Misela’s luxury handbag and accessories boutique in Pera, Beyoğlu. Photograph: Misela
Just up the street is Minoa, a design-forward Turkish- and English-language bookstore that opened its Beyoğlu location in 2023, complete with a cafe, restaurant, bar and small performance space. It shares the historic Union Française building, designed by French architect Alexandre Vallaury in 1896 in the Belle Époque style, with the well-known commercial galleries Dirimart and Öktem Aykut. Further along is Galerist, a space dedicated to contemporary Turkish artists.
“There is a vibrant cultural ecosystem in Beyoğlu that continuously adapts and evolves,” says Ümit Mesci, a curator at Istanbul Modern, the city’s flagship contemporary art institution. The museum temporarily hosted exhibitions in the Union Française while its new Renzo Piano-designed building was under construction on the Karaköy waterfront. “The reopening is part of a broader revival, reflecting a community that embraces change, while respecting its rich heritage,” Mesci says.

The viewing terrace of Istanbul Modern art museum, designed by Renzo Piano. Photograph: Enrico Cano
The arts have long been a key part of Beyoğlu’s identity, from the opera houses, theaters and concert halls where Istanbulites first saw Western music performed in the 1800s to the cabarets and nightclubs of the Jazz Age.
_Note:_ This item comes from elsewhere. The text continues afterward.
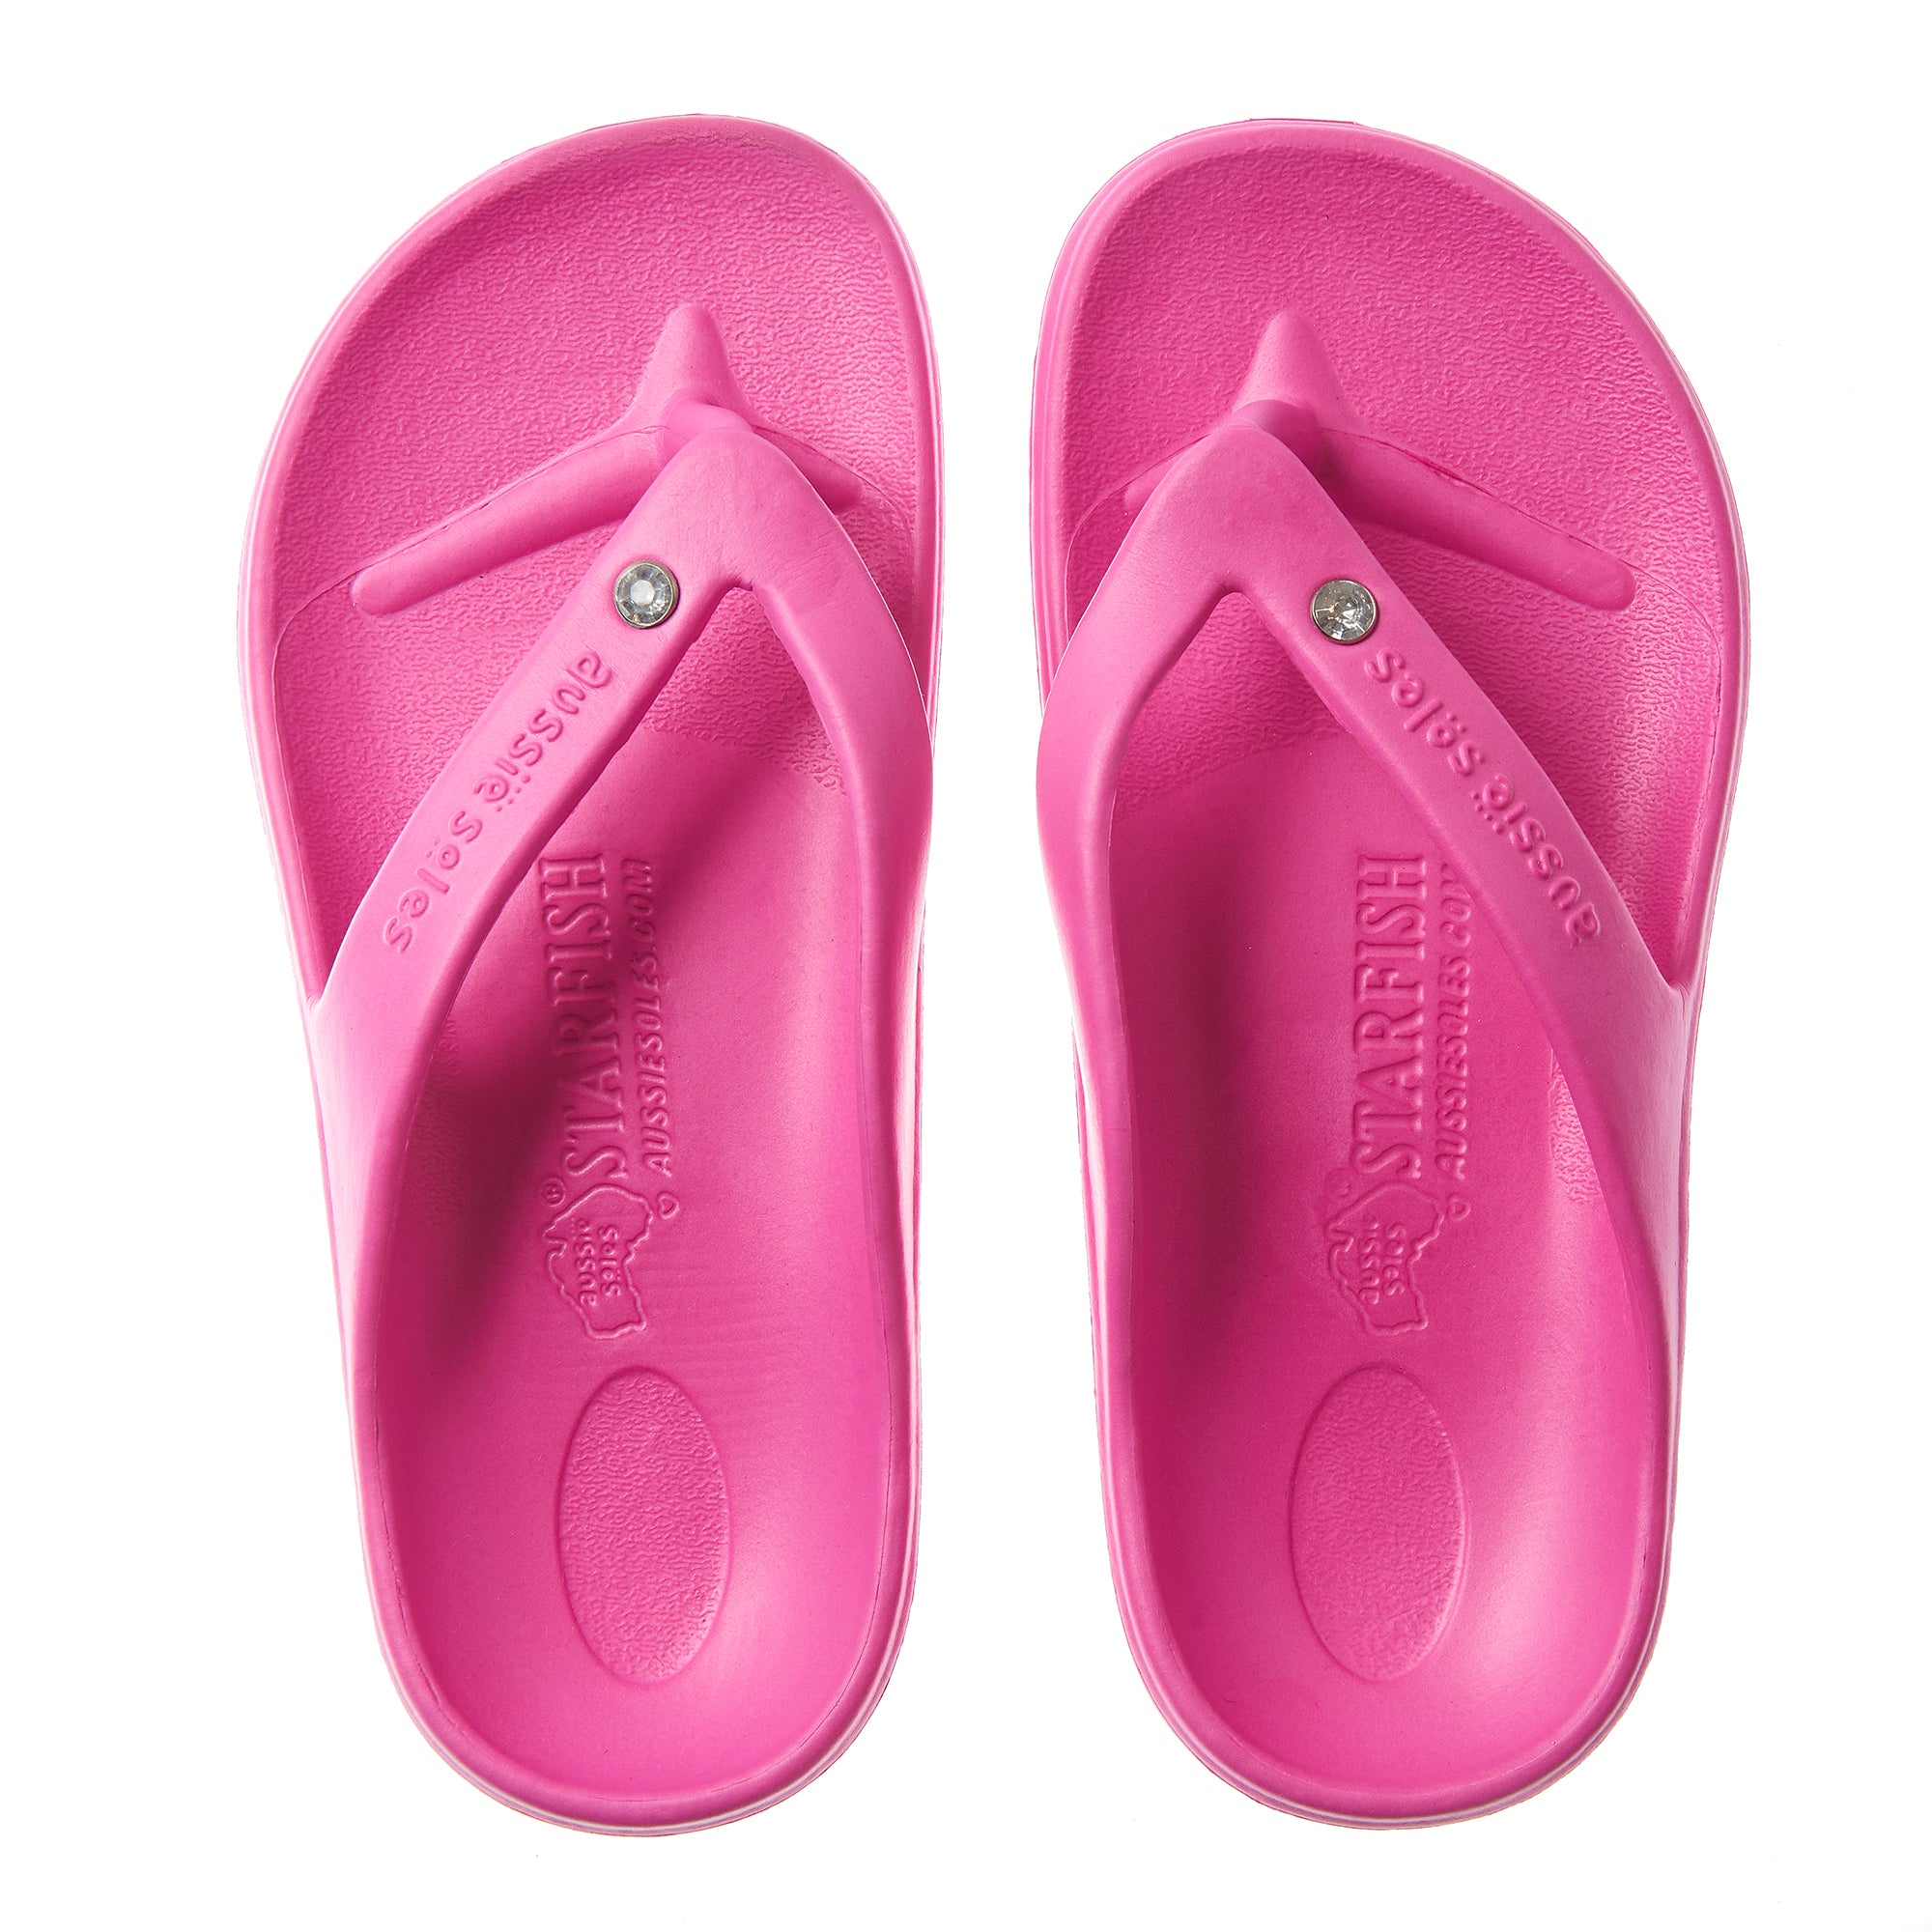 Children's Flip-Flops With Arch Support: Aussie Soles Orthotic Sandals ...

Not forgetting the mid-century heyday of the Yeşilçam film industry, Turkey’s answer to Hollywood.
Turkish TV and movie crews can often still be found filming on character-filled streets. The bold yellow Italianate Doğan Apartment, constructed in 1894 for a Belgian banking family on Serdar-ı Ekrem Caddesi in Galata, presides over an ever-shifting array of shops, cafes, offices and artists’ studios. The more residential Faik Paşa Caddesi in Çukurcuma has winding alleys full of antique stores.

Civan Er’s Michelin-listed restaurant Yeni Lokanta. Photograph: Courtesy Yeni Lokanta
Beyoğlu retains a strong historic atmosphere and neighborhood character. It’s the kind of place where street vendors still push carts full of gleaming produce, freshly popped corn or house plants past groups of cafe-hoppers spilling out onto the sidewalks. It’s where shops selling a rainbow array of pickles or sweets have stayed in business for a century despite the ever-accelerating pace of change.
“Whatever goes on in Beyoğlu, it never bores you,” says Civan Er, chef-owner of Yeni Lokanta. A Michelin-listed restaurant known for its innovative twists on traditional Turkish cuisine, it’s been open since 2013—“a long time by Turkish standards,” he says. With the original location now a firm fixture in Beyoğlu’s dining scene, Er has since relocated to London, where he has opened a sister restaurant, Yeni, in Soho. Busy with his new venture, he says he probably won’t be moving back to Turkey soon, “but if I were to return, it would be to Beyoğlu, nowhere else.”